Over the past few years, this office has investigated cases with individuals or departments whose positions are represented on this advisory board. Of the more than 120 reports all but one impacted the departments or position of the people sitting on this Board. There is an inherent flaw in Baltimore’s model.

The two remaining functions of this board are:

• To remove the current inspector general for one of three reasons listed in the law.

• To select the next inspector general.

These two points highlight additional flaws in Baltimore’s advisory board model. This board is inherently a political board. The OIG is, and is expected to be, one that avoids any political influence.

It is important to note that in November 2020, a ballot initiative passed naming the inspector general as the only non-political official authorized to initiate proceedings to remove the Mayor, City Council president, any Council member, or the comptroller.

“The Inspector General is the only non-political official authorized to initiate proceedings to remove the mayor, City Council president, any Council member or the comptroller.

“Each one of those positions is represented on this advisory board. If an Inspector General were to be removed by this board, political motives may rightfully be suspected”  – IG Isabel Cumming.

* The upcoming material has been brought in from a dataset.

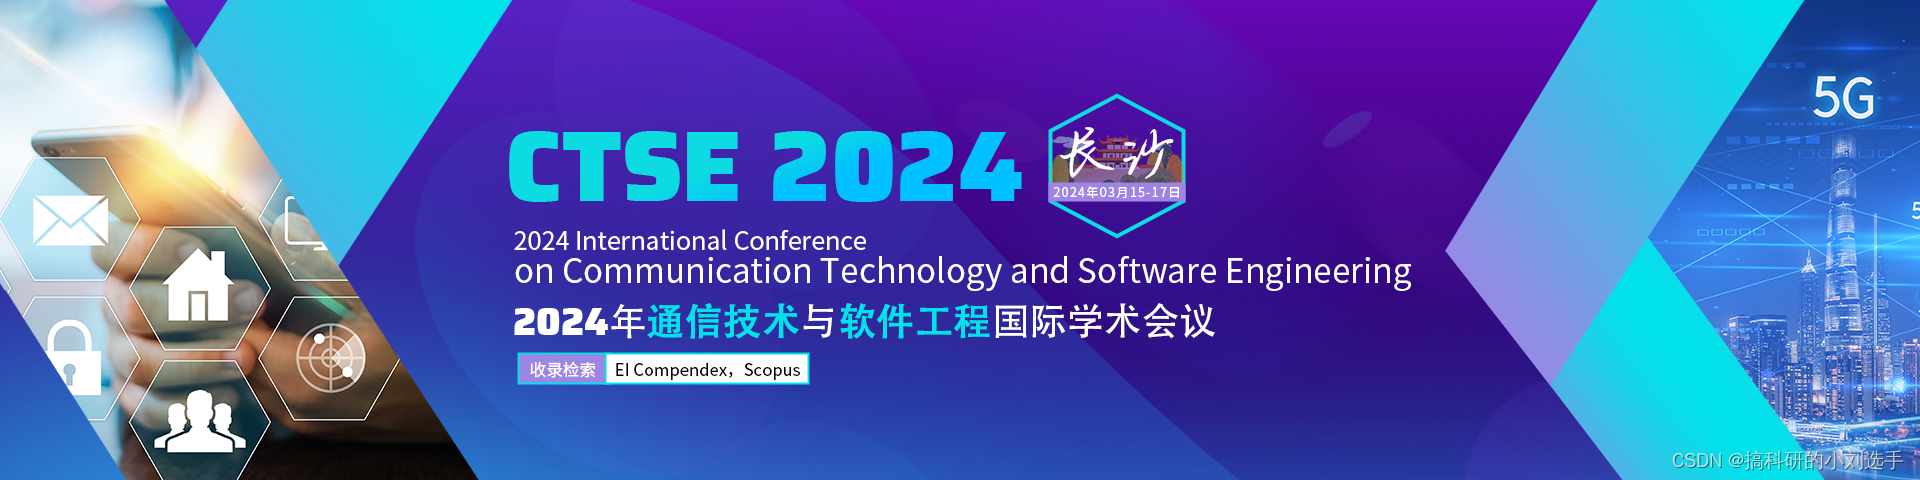 软件工程-【EI会议征稿通知】2024年通信技术与软件工程国际学术会议 (CTSE 2024)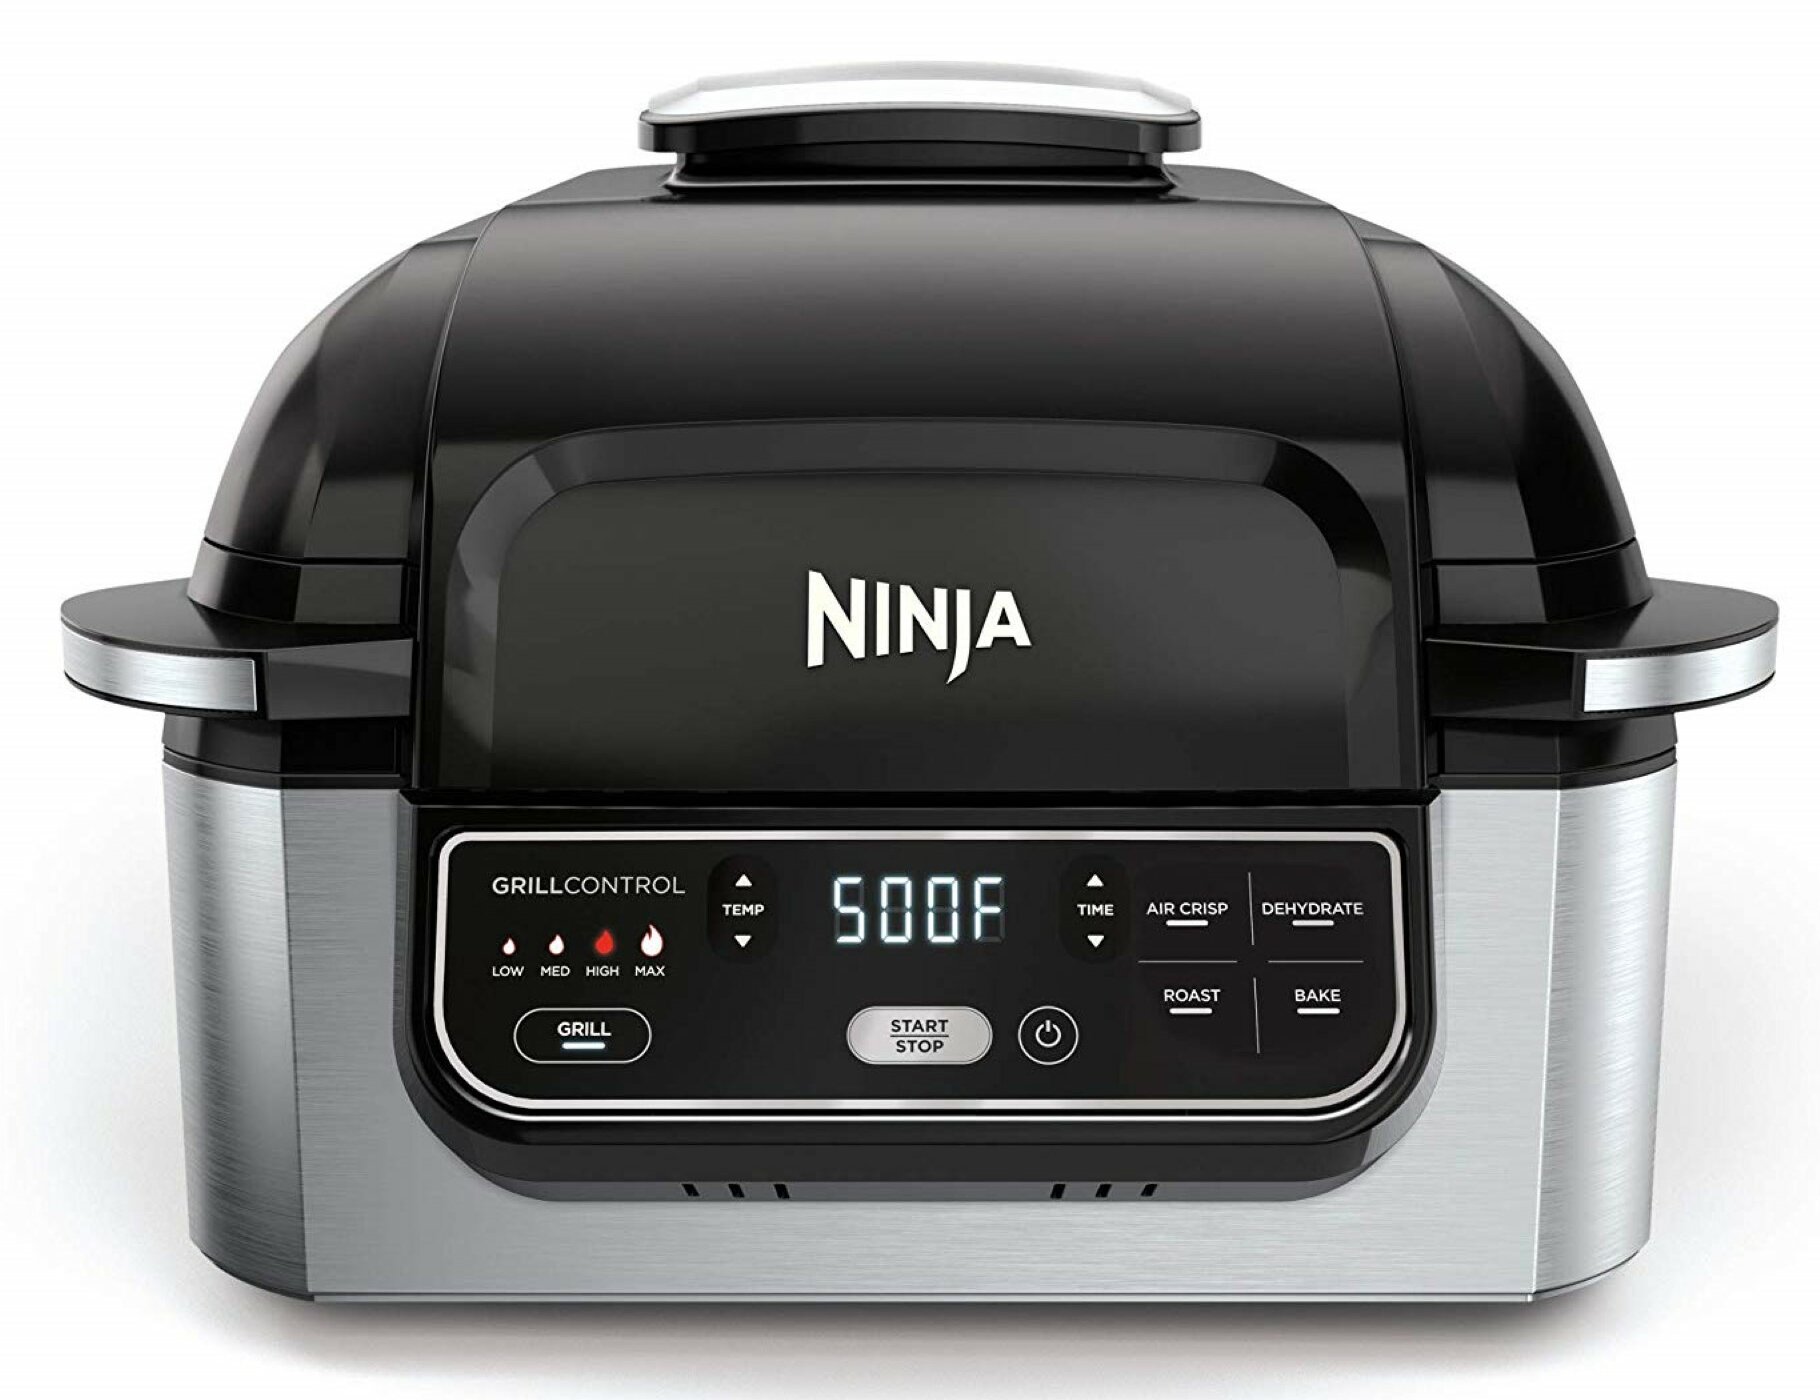 Ninja Foodi 6-in-1 Indoor Grill & Air Fryer Plus Broil, Bake, Roast &  Dehydrate

Each one of those positions is represented on this board. If an inspector general were to be removed by this board, political motives may rightfully be suspected. The implications of elected officials choosing their own watchdog are unmistakable.

I look forward to completing the remaining three years of my term and working with an advisory board to ensure the future success of the inspector general office.

How to Remedy the Flaw

We share a responsibility to leave things better than we found them. These issues are raised now so the law can be corrected for the future inspectors general.

I sincerely hope this has clarified the issues to this board and to the public. Again, to remedy these flaws, Baltimore’s citizens have the power to put this correction on the next ballot with 10,000 signatures. I recommend this occur in November 2022.

Let me leave you with these words from the late Baltimore Congressman Elijah Cummings, who served for years as the ranking member of the House Oversight and Government Reform Committee.

While discussing the importance of Inspectors General at a hearing, Rep. Cummings called for the support of Inspectors General, saying:

“We will protect whistleblowers, we will protect government employees and we will protect those who wants to make our government the best it can be.” He went on to state that when employees are afraid, inspectors general are “the last line of defense.”